A half-hour later, still wide awake, she decided a hot shower might help her plight. She took her time with her shower, enjoying the sting of the hot water and the delicious aroma of her goji berry and chocolate scented body wash.
Anna stepped from the shower into a thoroughly steamed up bathroom and wrapped herself in a fluffy towel. After opening the door to let out some of the steam, she turned to the sink to find her comb.
Her eyes went wide and her breath caught. The comb hit the tile floor with a clickety-clack. Tears spiked and trickled over her cheeks. There, on the mirror, written as though a ghostly finger had reached out from beyond the grave to scribble the words on the steamed-up glass, was a message.
I am sending you love. Love is in the air. R
The next day was Saturday. Anna had not slept more than an hour after finding Richard’s message. They’d joked once that whoever of them died first would find a way to get a message to the other and let them know they were okay. But it had been two years since Richard’s death, and as much as she’d wanted to feel him near, to know he was alive and well somewhere beyond the veil, she hadn’t had the slightest paranormal experience to breathe life into that hope.

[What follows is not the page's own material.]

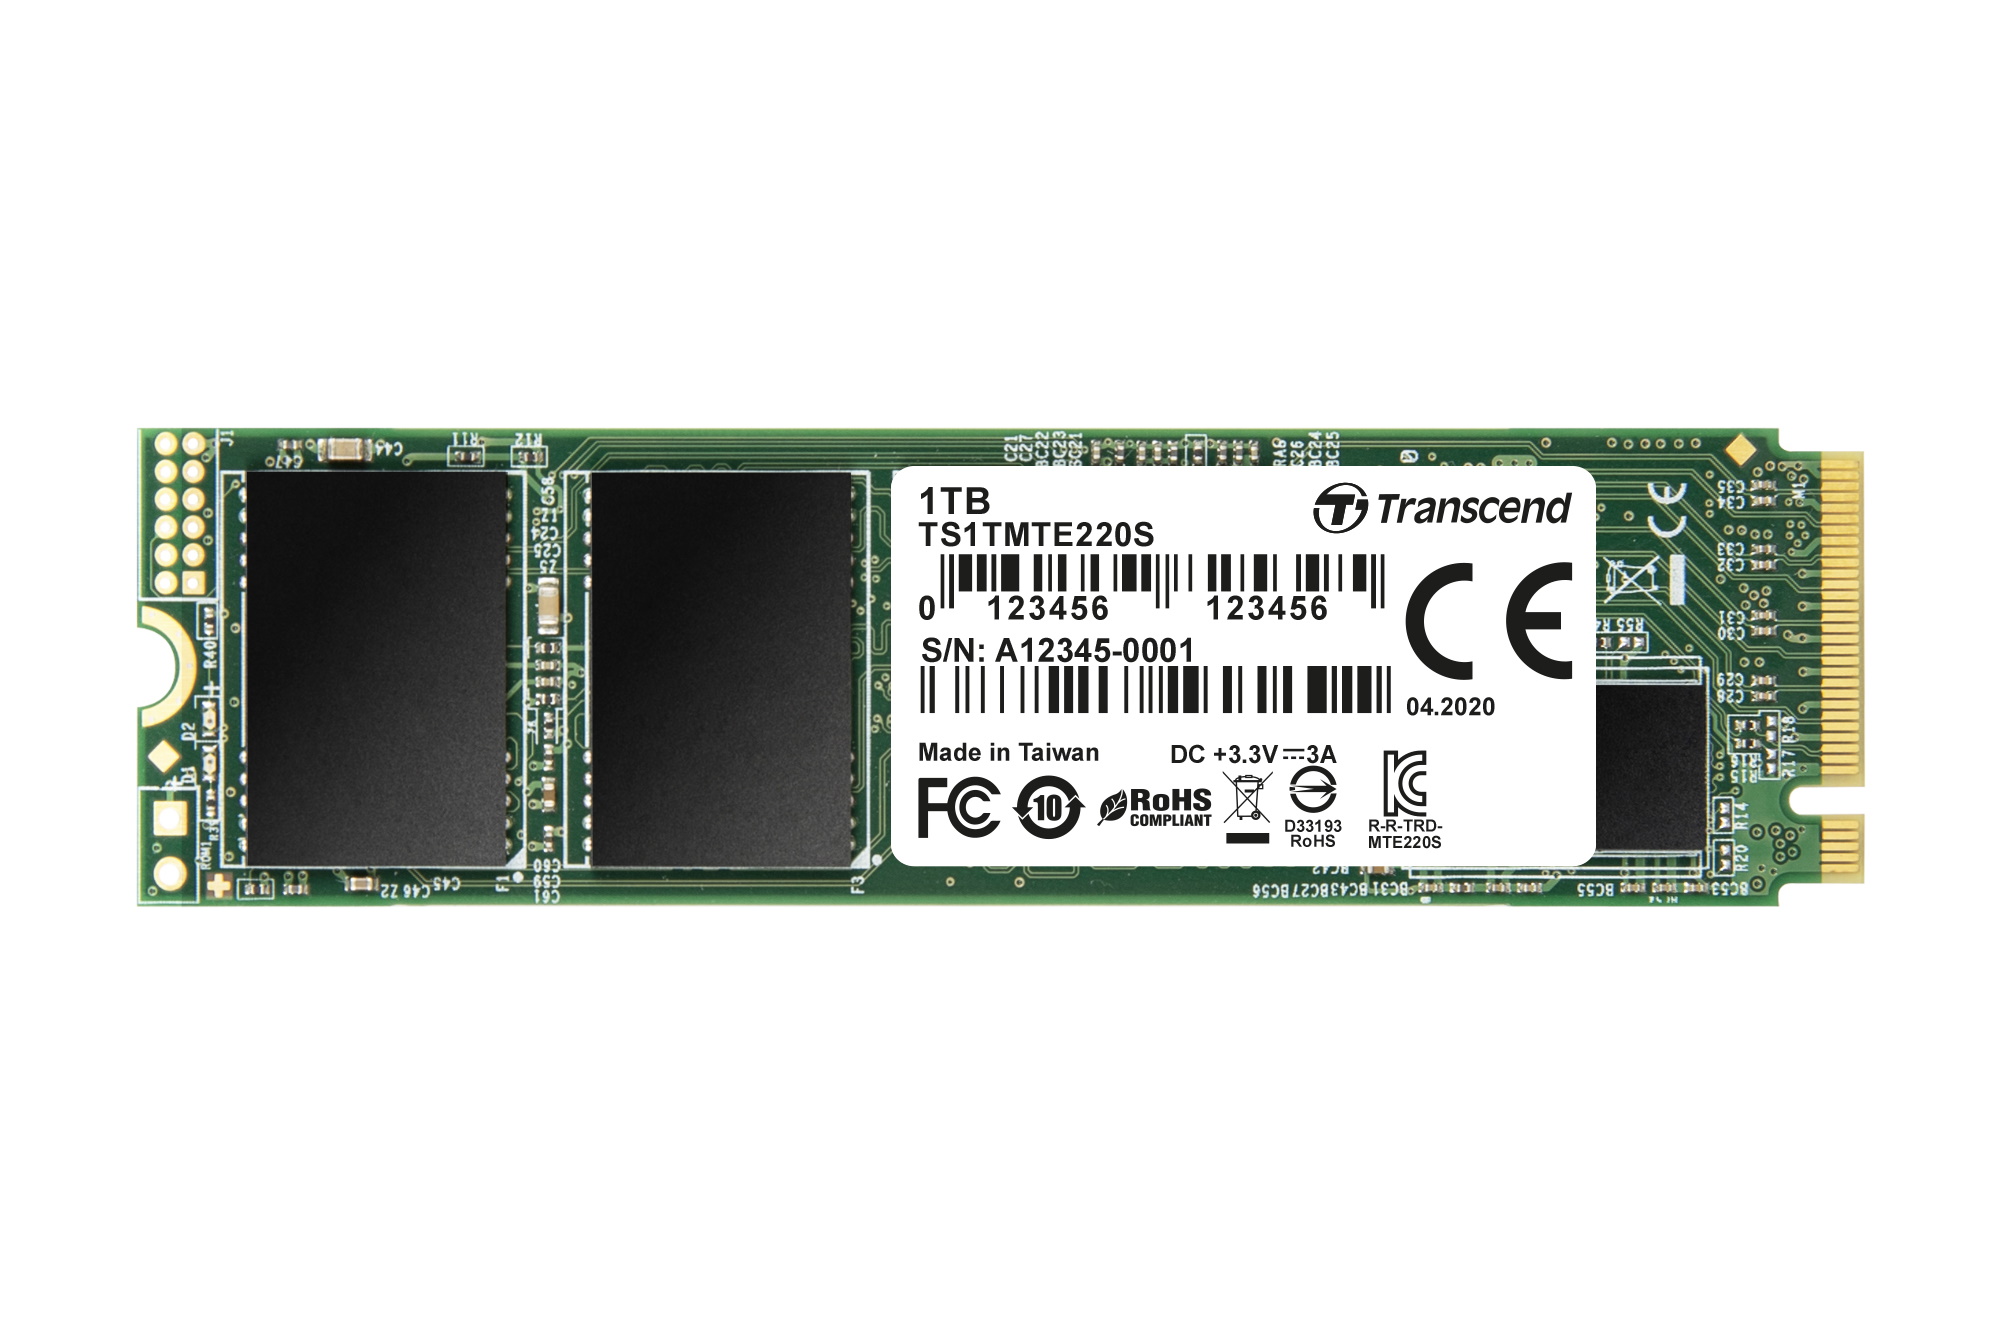 M.2 SSD 2280 256GB,PCIe Gen3 x 4, M Key,3D TLC, Kingston

Why? Why now? Was he concerned that it had been so long since his death and she’d yet to start dating again? Possibly. Maybe he wanted her to know he was all right so that she’d have an easier time letting him go.
Was it a coincidence that his message came the very same night she’d met the handsome stranger in the astral realm? Anna frowned. What if Richard’s motivation was just the opposite? What if he was angry she was moving on, even in this small way? She immediately pushed that thought away. No, that didn’t sound like Richard. Richard had always been more concerned about Anna’s well-being than his own.
And what exactly had happened tonight? Who was the stranger? Why was she so drawn to him? She couldn’t stop thinking about him, about his mesmerizing eyes, his titillating touch.